**Task goal:**
Copying rule for the data below: pictures stay out, and only the lines from the one with "freestyle street basketball (1)" down to the one with "Moana Maui Heart of Te Fiti Cake", inclusive, are repeated exactly.

**Dataset records:**
▼
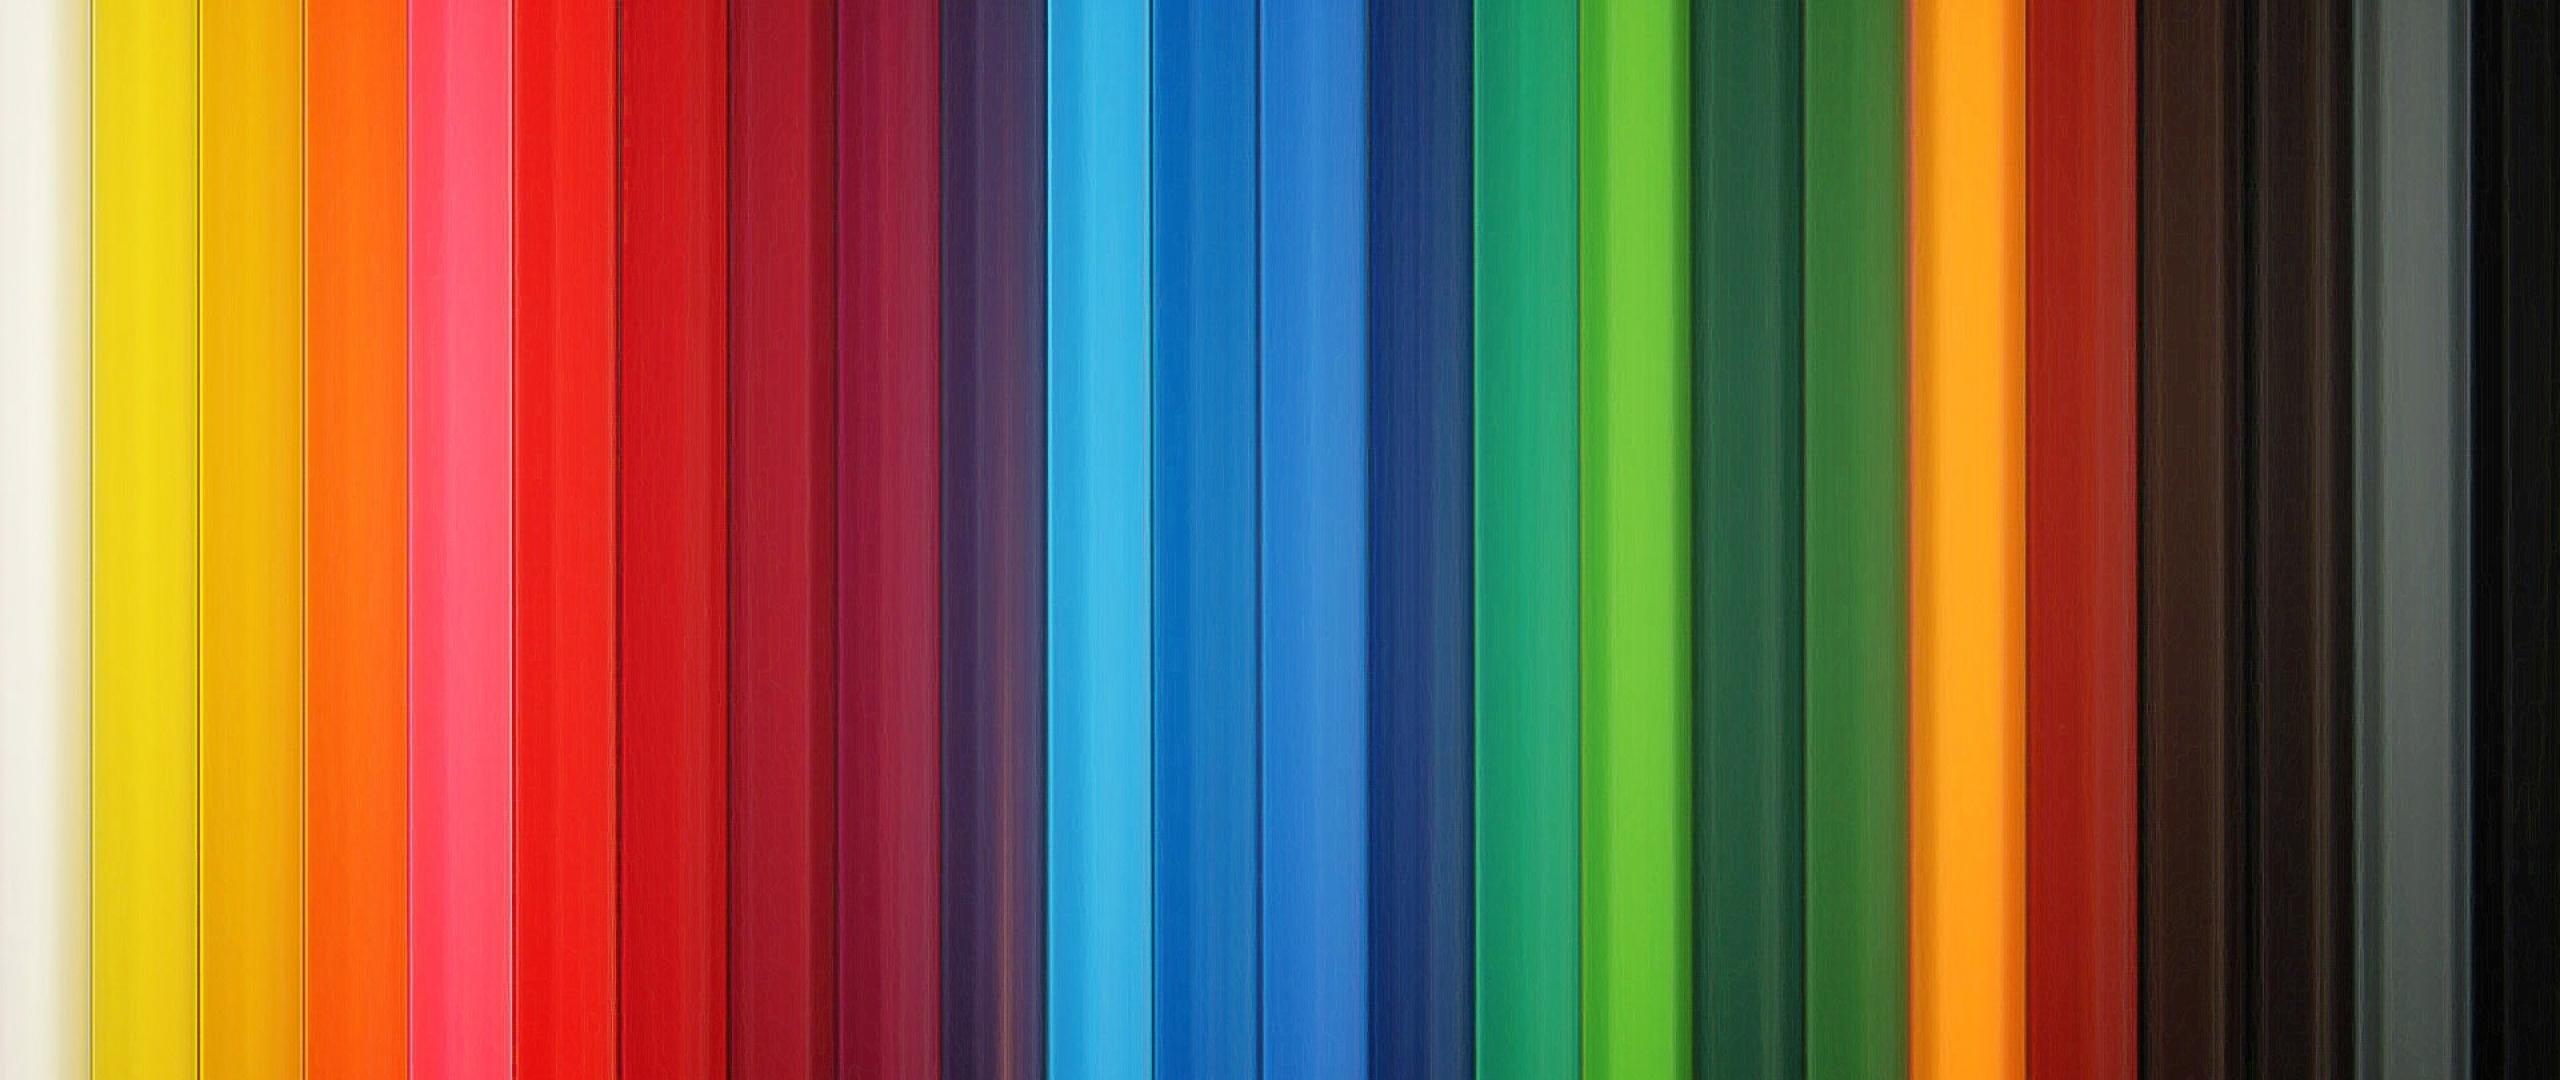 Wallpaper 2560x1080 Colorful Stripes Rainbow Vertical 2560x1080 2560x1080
▲
▼
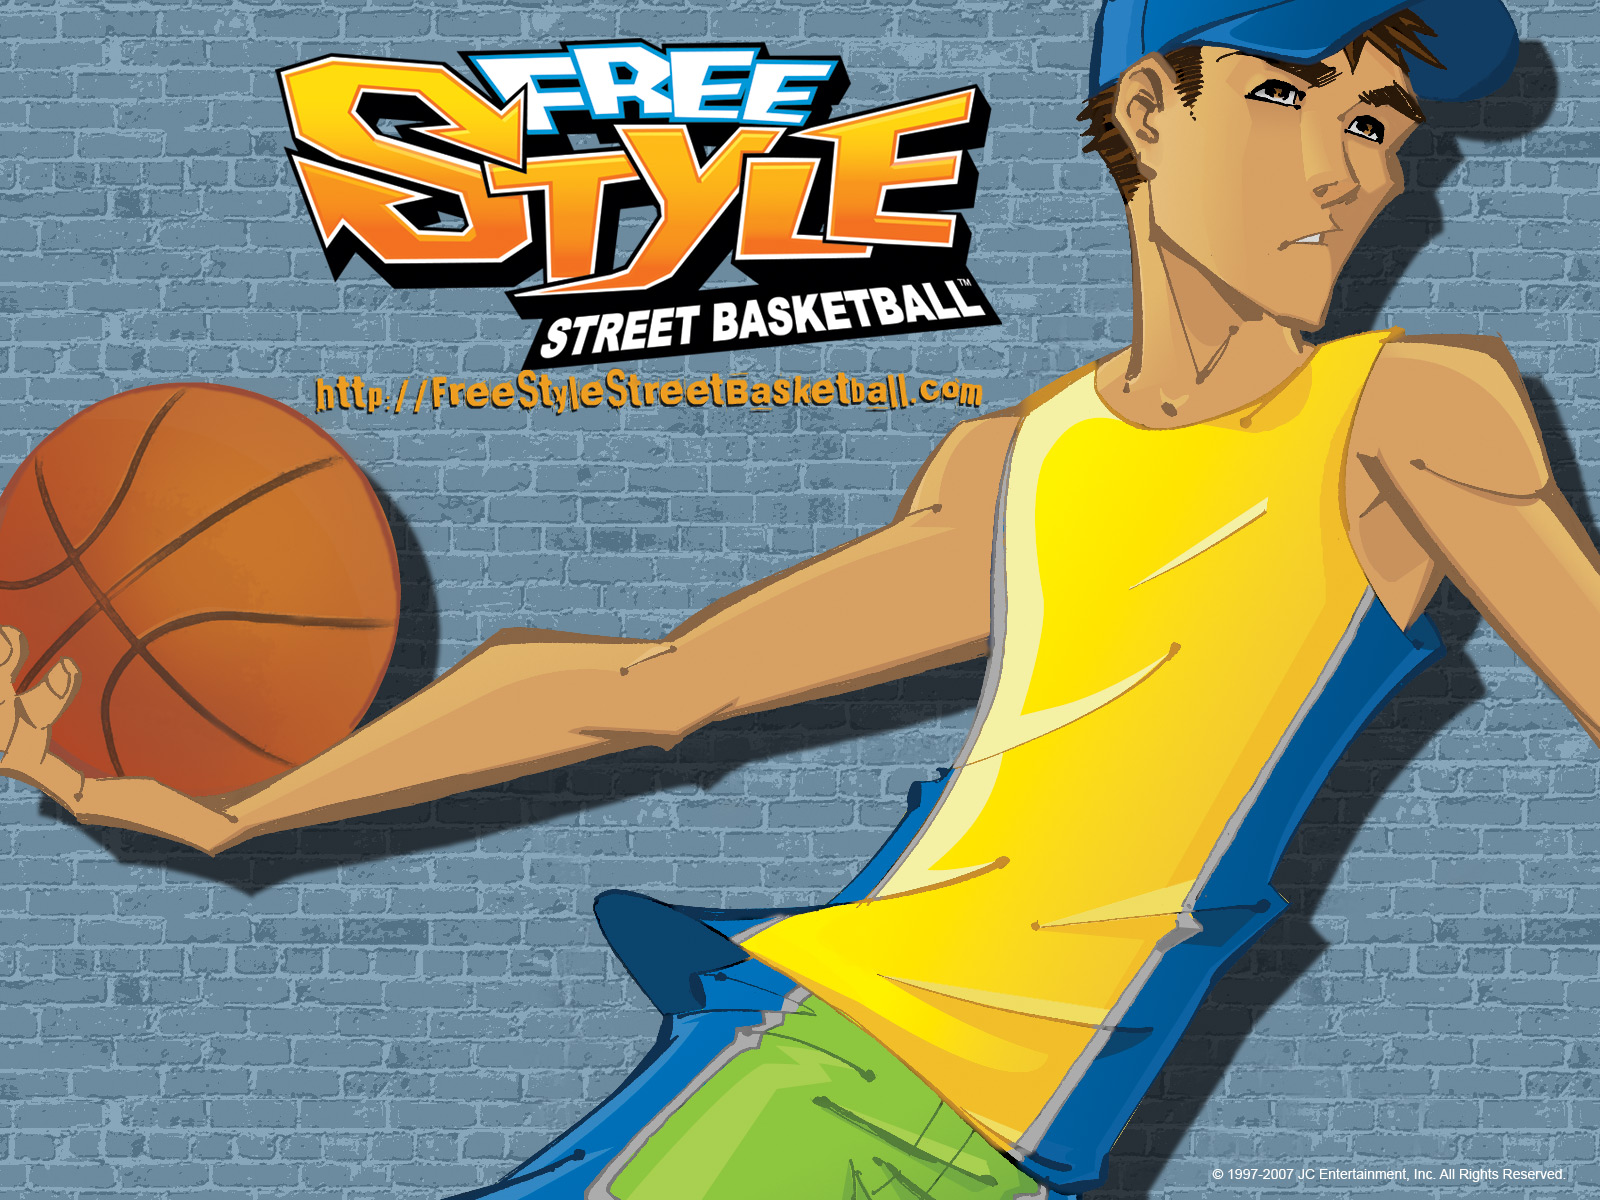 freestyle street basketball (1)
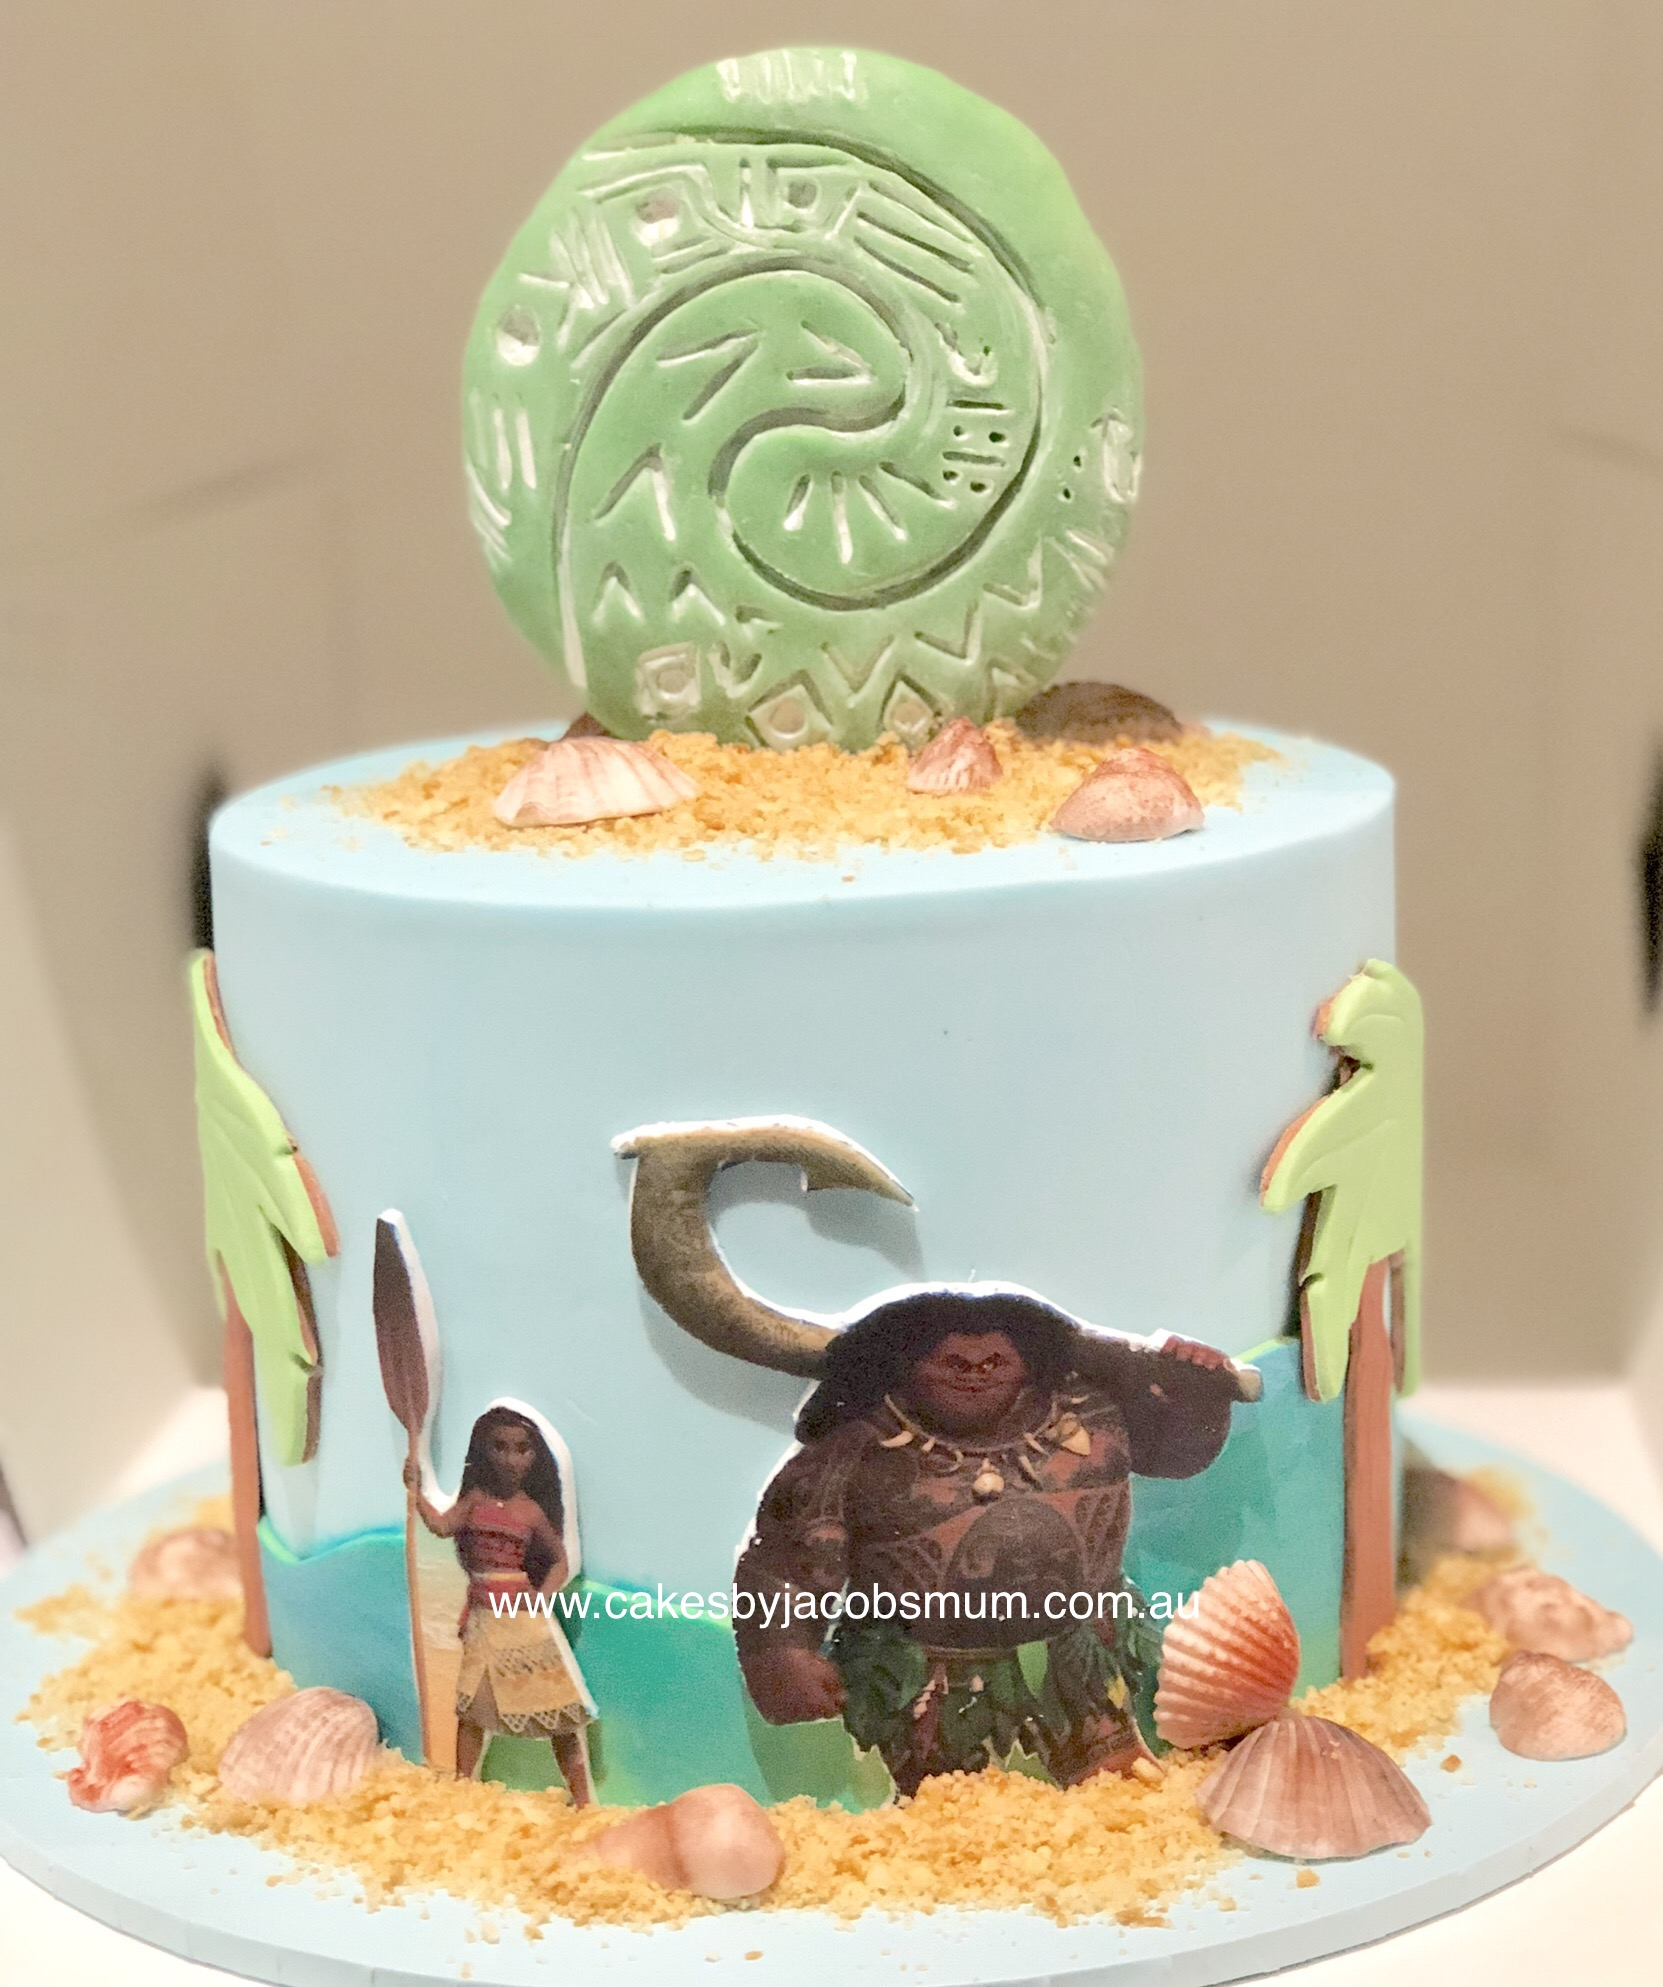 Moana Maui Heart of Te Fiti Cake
▲
▼
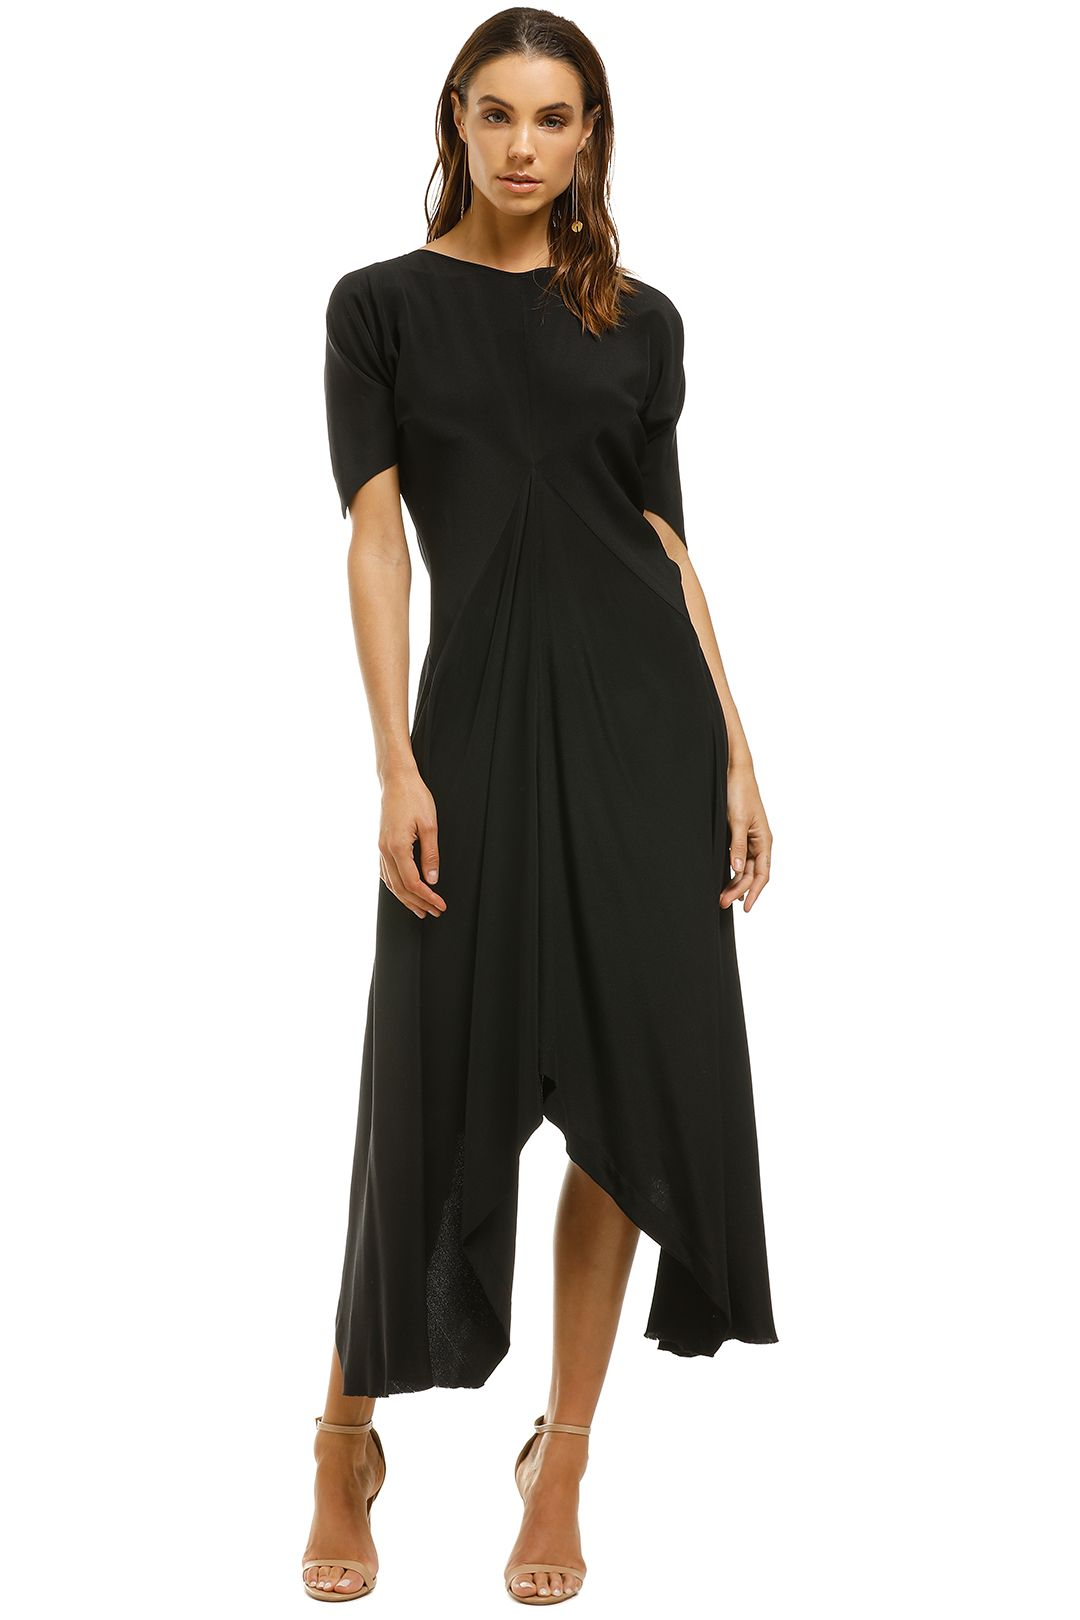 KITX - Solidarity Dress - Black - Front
▲
**Task response:**
 freestyle street basketball (1)
 Moana Maui Heart of Te Fiti Cake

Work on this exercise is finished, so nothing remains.